There are a number of positive indicators for SMEs:
- The proportion of SMEs reporting a profit for the previous 12 months trading has increased steadily since the middle of 2013. 76% of SMEs interviewed in Q2 2014 reported a profit (excluding “don’t know” answers), up from 69% in Q2 of 2013
- 36% of SMEs interviewed in the first half of 2014 held more than £5,000 in credit balances compared to 30% in 2012
- In Q2 2014, 30% of SMEs reported an injection of personal funds into the business in the previous 12 months. The proportion putting in personal funds has declined over time (it was 42% in Q2 2013) as fewer SMEs reported that they “had” to put in funds
- The proportion of SMEs with a ‘worse than average’ external risk rating had been increasing over time, to 56% in Q2 2013. Since then, the risk rating profile has improved, with 47% of SMEs interviewed in Q2 2014 in this category.

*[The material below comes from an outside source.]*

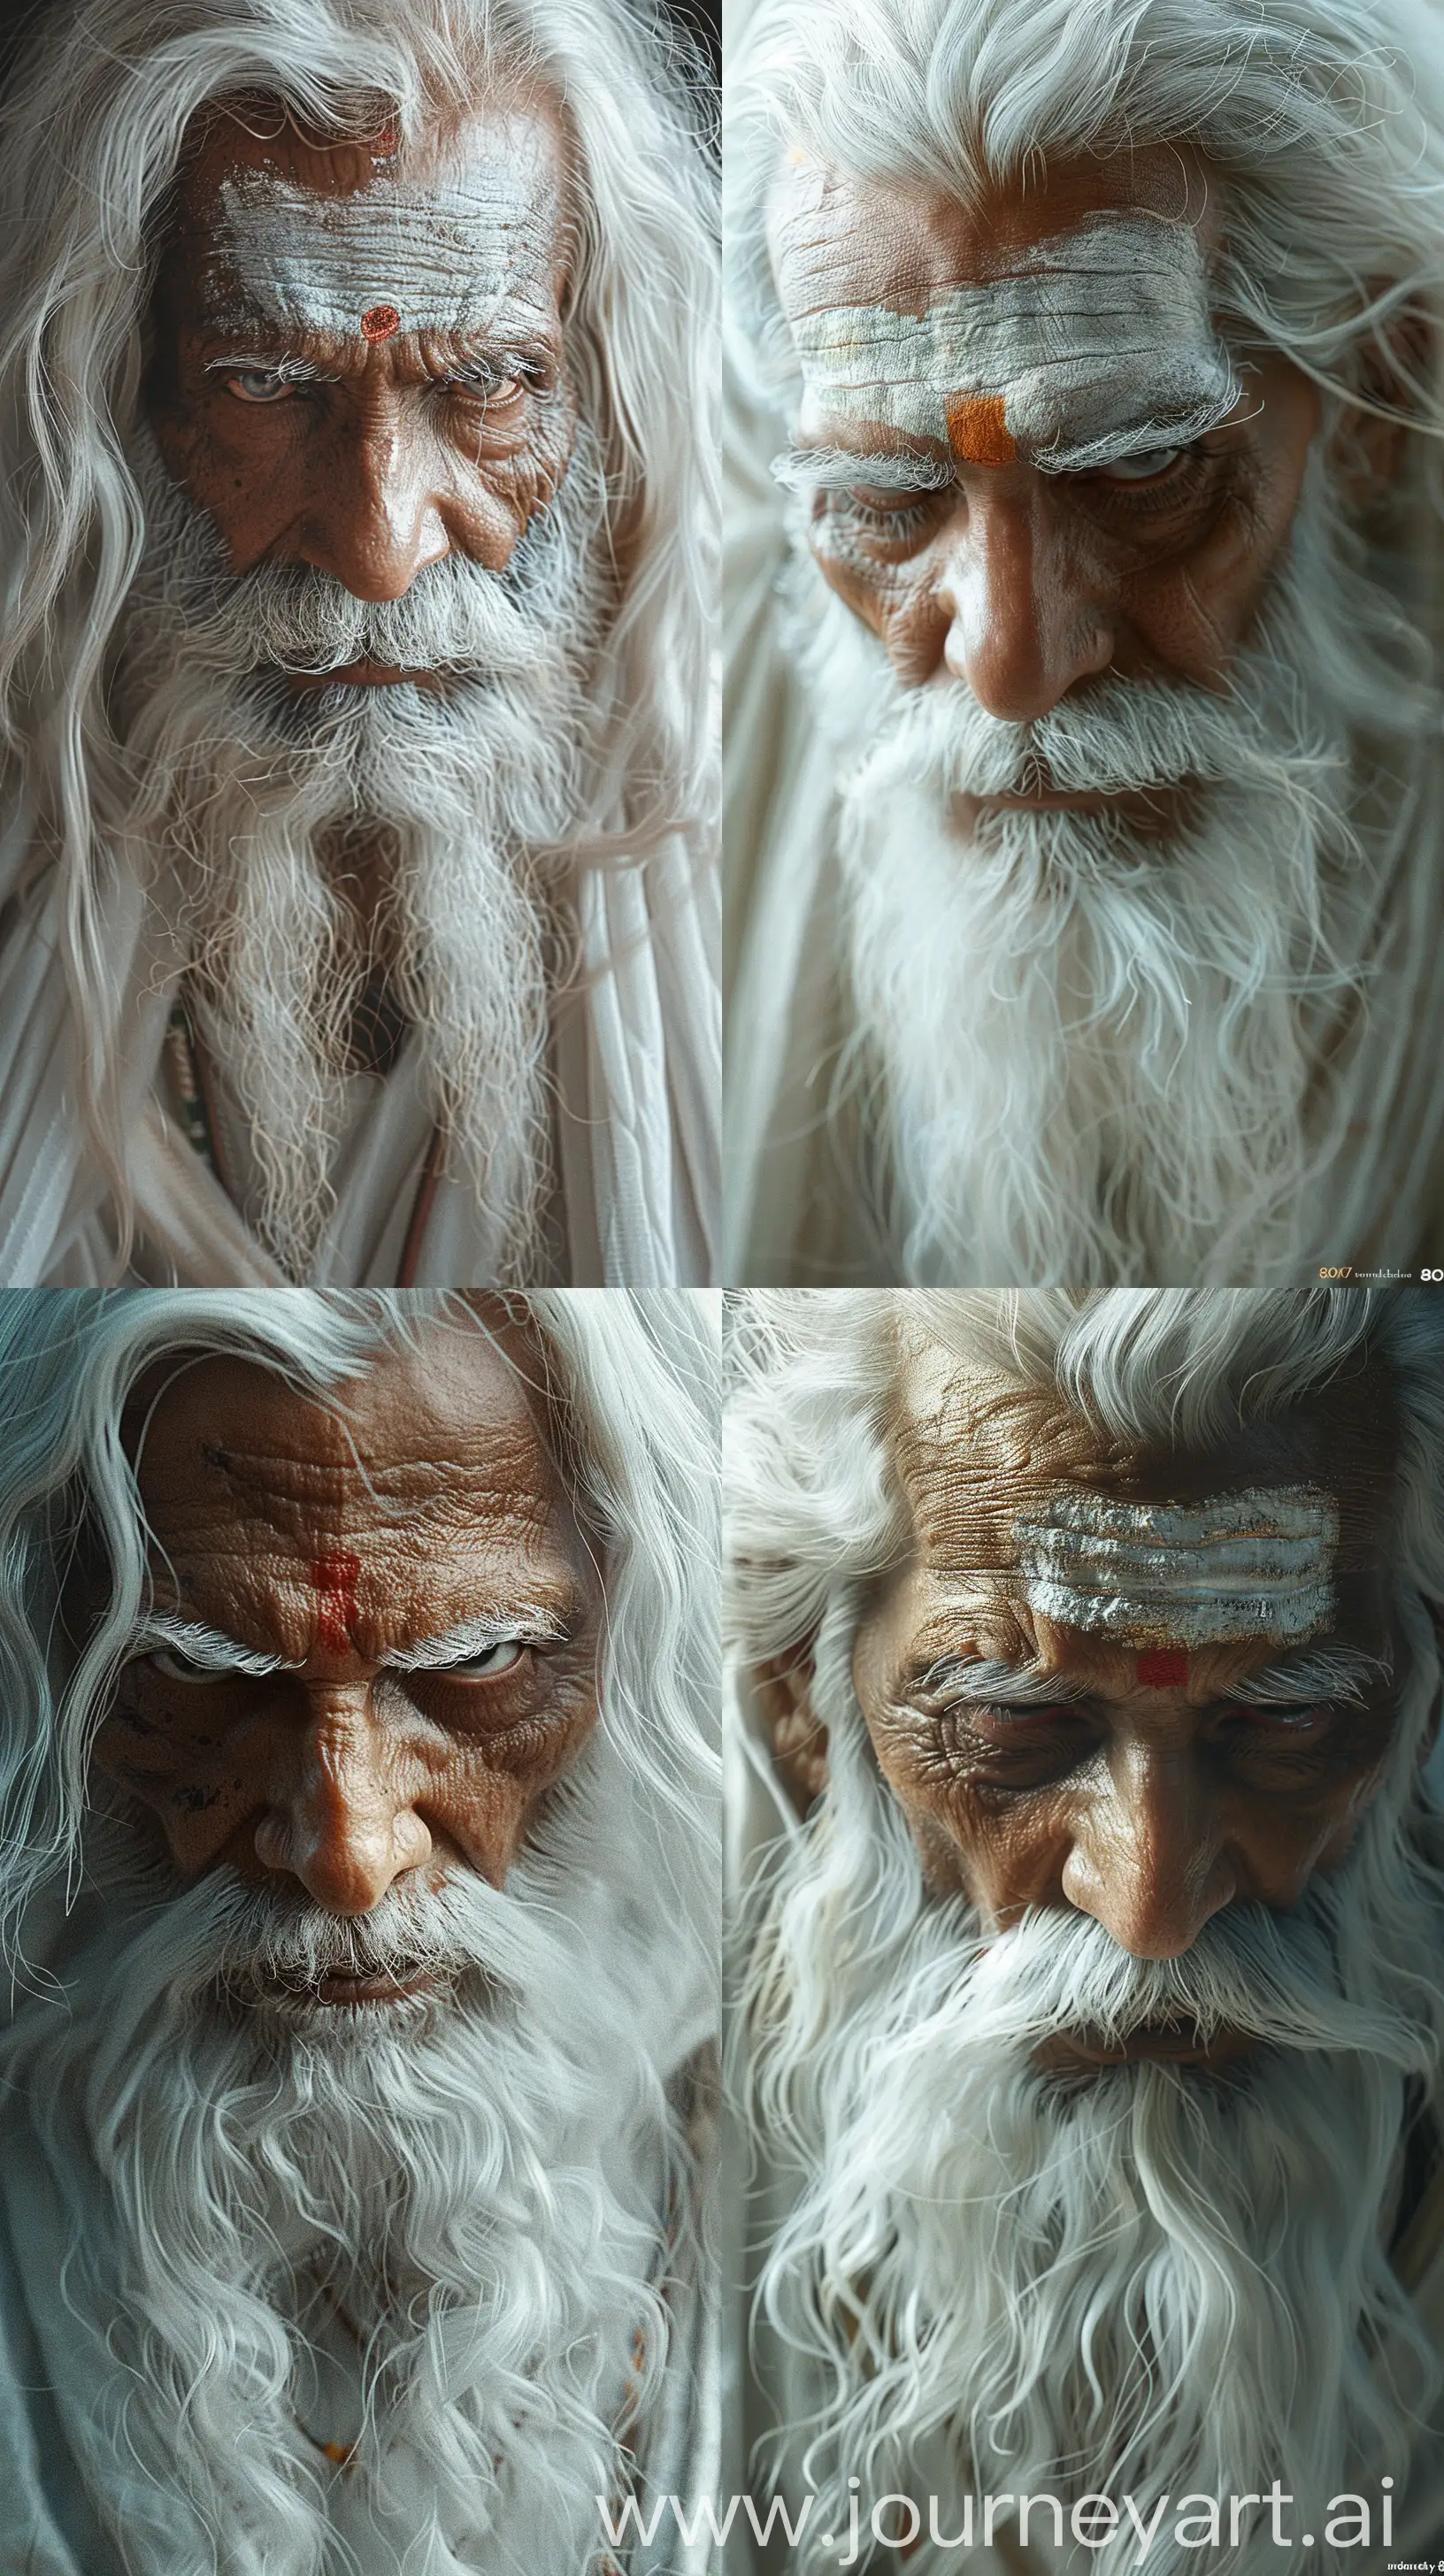 Elderly Indian sage, ancient times vibe, long white hair and beard, white attire, left eye closed, blind from his left eye, serious look on his face, close up, high resolution 8k detail, wise expression, aged skin textures, traditional attire, mystical aura --s 300 --ar 9:16 --v 6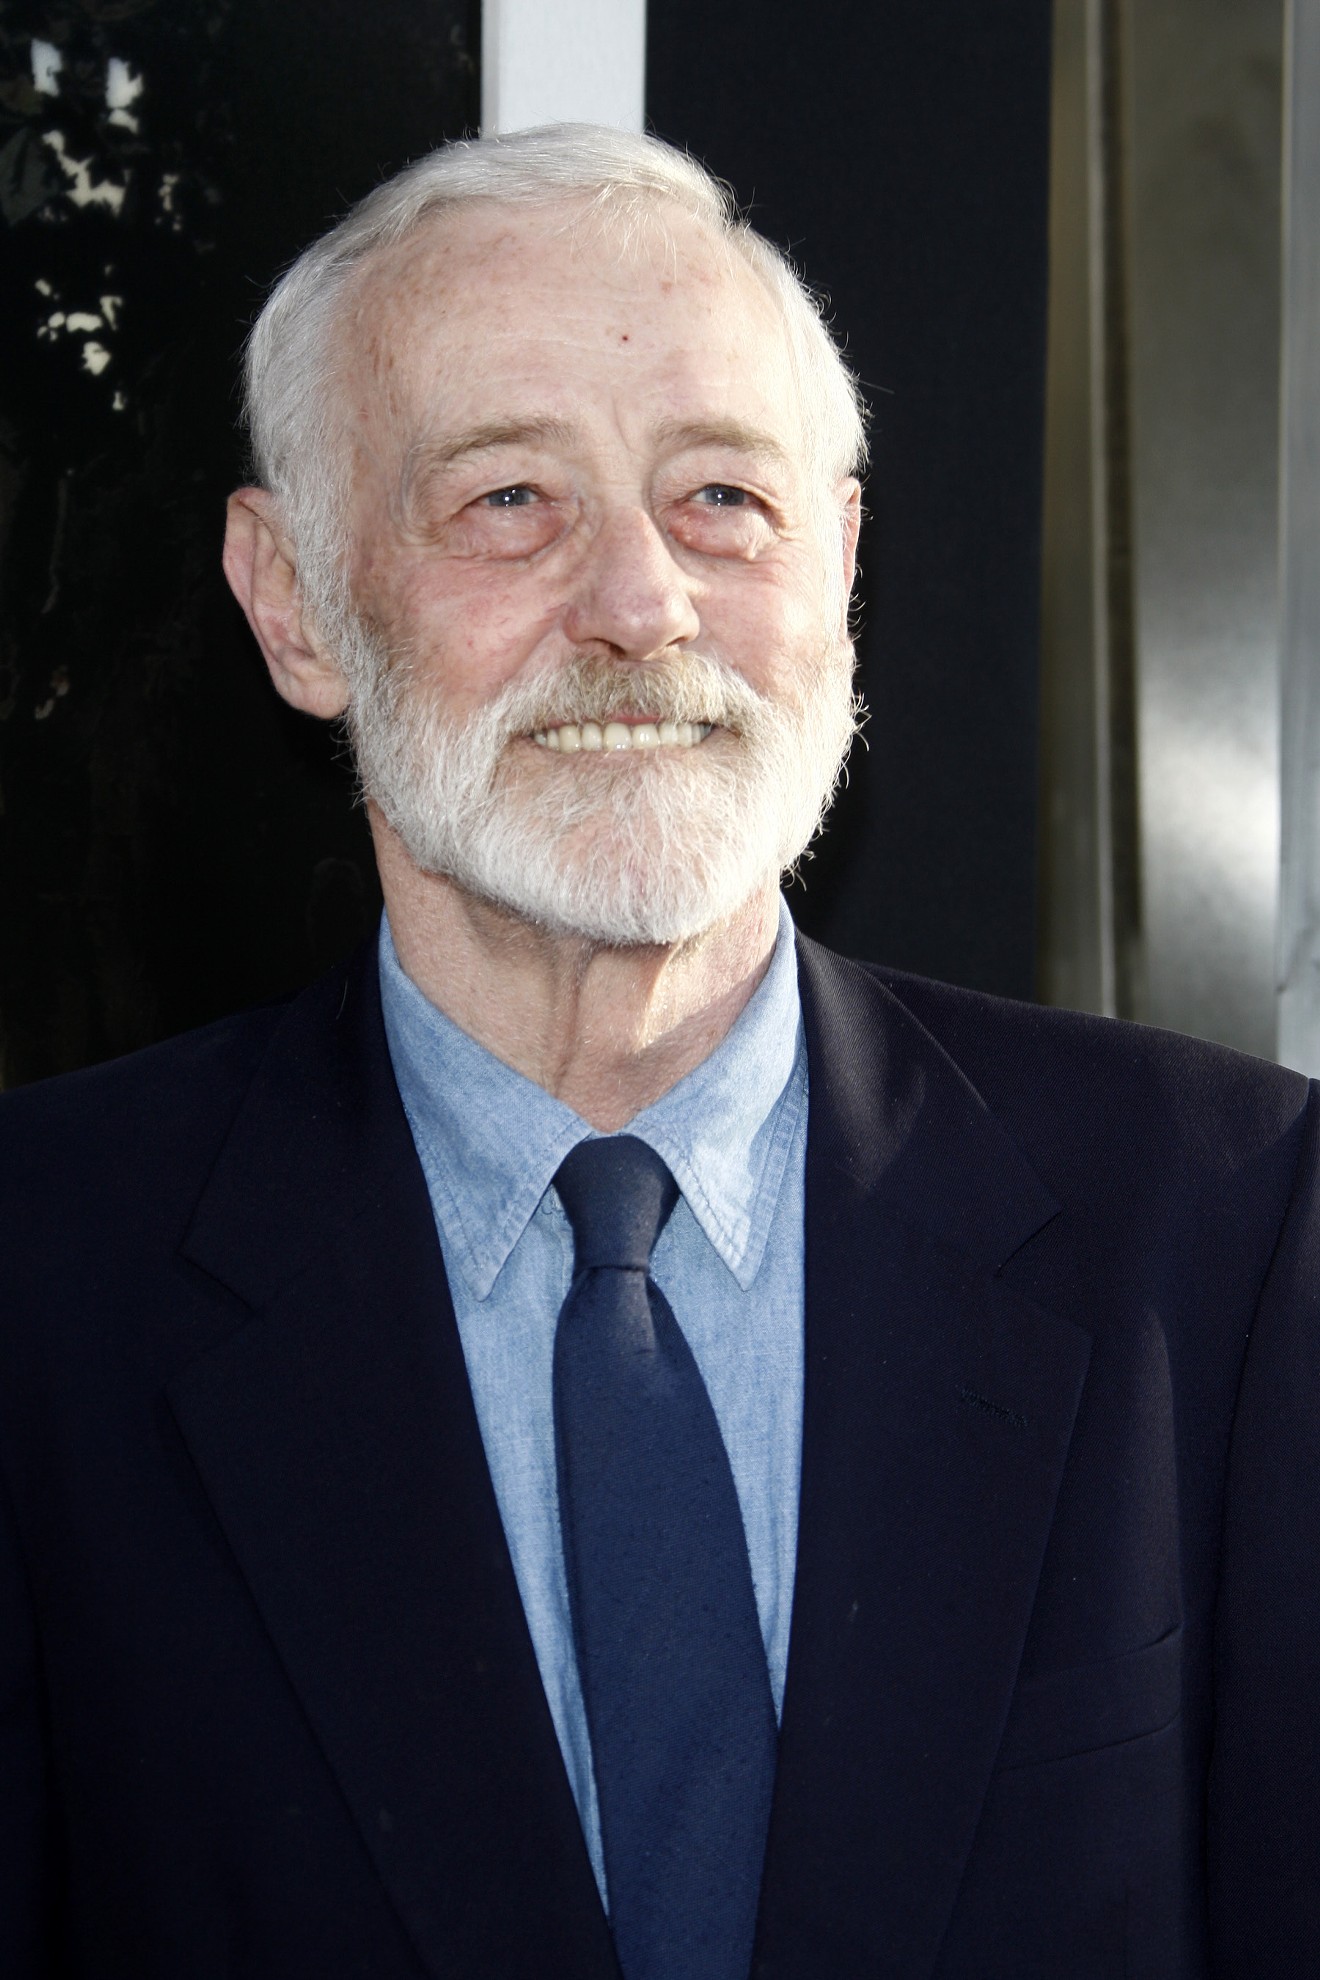 The late actor John Mahoney played the cranky but lovable Martin Crane on Frasier.

In Q2 2014, 17% of SMEs saw the economic climate as a major obstacle to running their business. This was a further decline from the peak of 37% in Q1 2012.
At 8%, access to finance remains less likely to be perceived as a major obstacle. This is also the case for those with any plans or aspirations to apply for finance in future (17% in Q2 2014, 27% in Q1 2013).
In the next three months most SMEs (68%) expect to be a ‘Future happy non-seeker’ of finance. Meanwhile, 14% of SMEs plan to apply for new or renewed facilities – this has changed very little over recent waves:
- Of those planning to apply, 43% were confident that their bank would agree to their request. 26% were “not confident” – the lowest proportion in recent waves
- These confidence levels remain lower than the success rate for recent applications (66% for loan and overdraft applications made in the 18 months to Q2 2014).